Sind wir denn generell mit diesen Zertifikaten auf einem guten Weg?
Gesamtwirtschaftlich gesehen besteht noch Regulierungsbedarf. Der Verkehrssektor ist zum Beispiel in dem Handelssystem kaum berücksichtigt und auch nicht alle Industriebranchen. Das sorgt dafür, dass das System letztendlich nur 40 Prozent der Treibhausgase umfasst, und die Kompensation der Emissionen nicht realistisch abgedeckt ist. Das ist zu wenig, um die Klimaziele zu erreichen! Deshalb können wir uns meiner Meinung nach auch nicht darauf verlassen, dass wir auf EU-Ebene kurzfristig neue Ziele und Lösungen finden. Das dauert einfach viel zu lange, weil sich die EU uneinig ist. Klar ist es wichtig, das Thema gemeinsam anzugehen, aber das heißt, wir verschieben wichtige Pläne auf die ferne Zukunft. Deutschland könnte und müsste als Industrienation mit Blick auf die Energiewende vorangehen und zum Beispiel eine CO2-Steuer einführen.

 

Ein sehr aktuelles Thema – wird das bei Ihnen in der Lehre auch besprochen?

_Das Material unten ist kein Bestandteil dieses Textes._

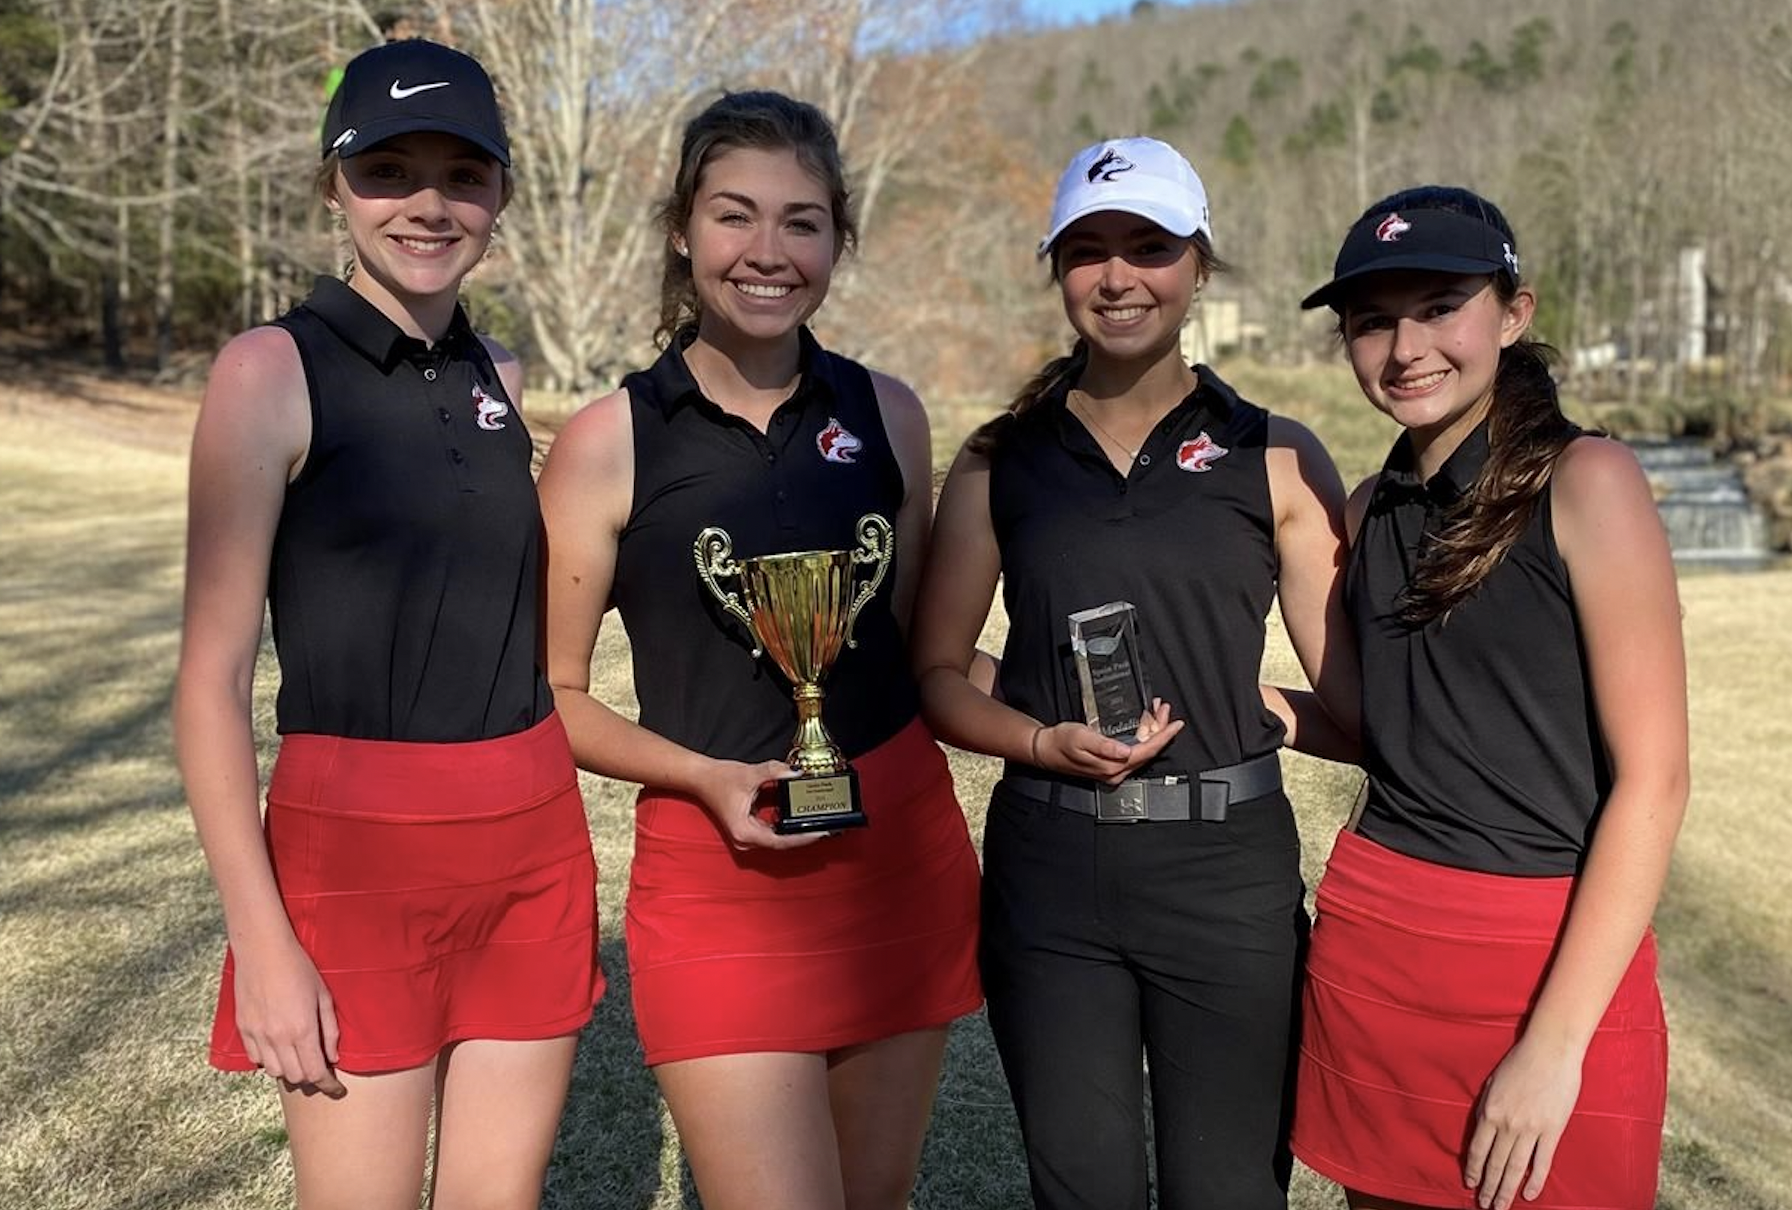 Hewitt-Trussville girls golf wins Hike the Hills tourney

Ja, in unserem Modul „Nachhaltiges Wirtschaften“ diskutieren wir viel mit den Studierenden. Vor zehn Jahren war die Resonanz auf Nachhaltigkeit als Thema in der Wirtschaft ziemlich mau, das nimmt jetzt zu. Wir besprechen zum Beispiel verschiedene Instrumente zur Reduktion des CO2-Verbrauchs und Ideen, wie und ob die Wirtschaft wachsen kann, aber trotzdem weniger fossile Energieträger verbraucht und so CO2 einspart. Bislang ist es nämlich immer so gewesen: Wenn die Wirtschaft wächst, steigt der CO2-Ausstoß, technischer Fortschritt konnte diesen Zusammenhang bisher nicht umkehren. Das ist ein Problem für unseren Planeten, und dem müssen wir uns stellen – für die gute Sache!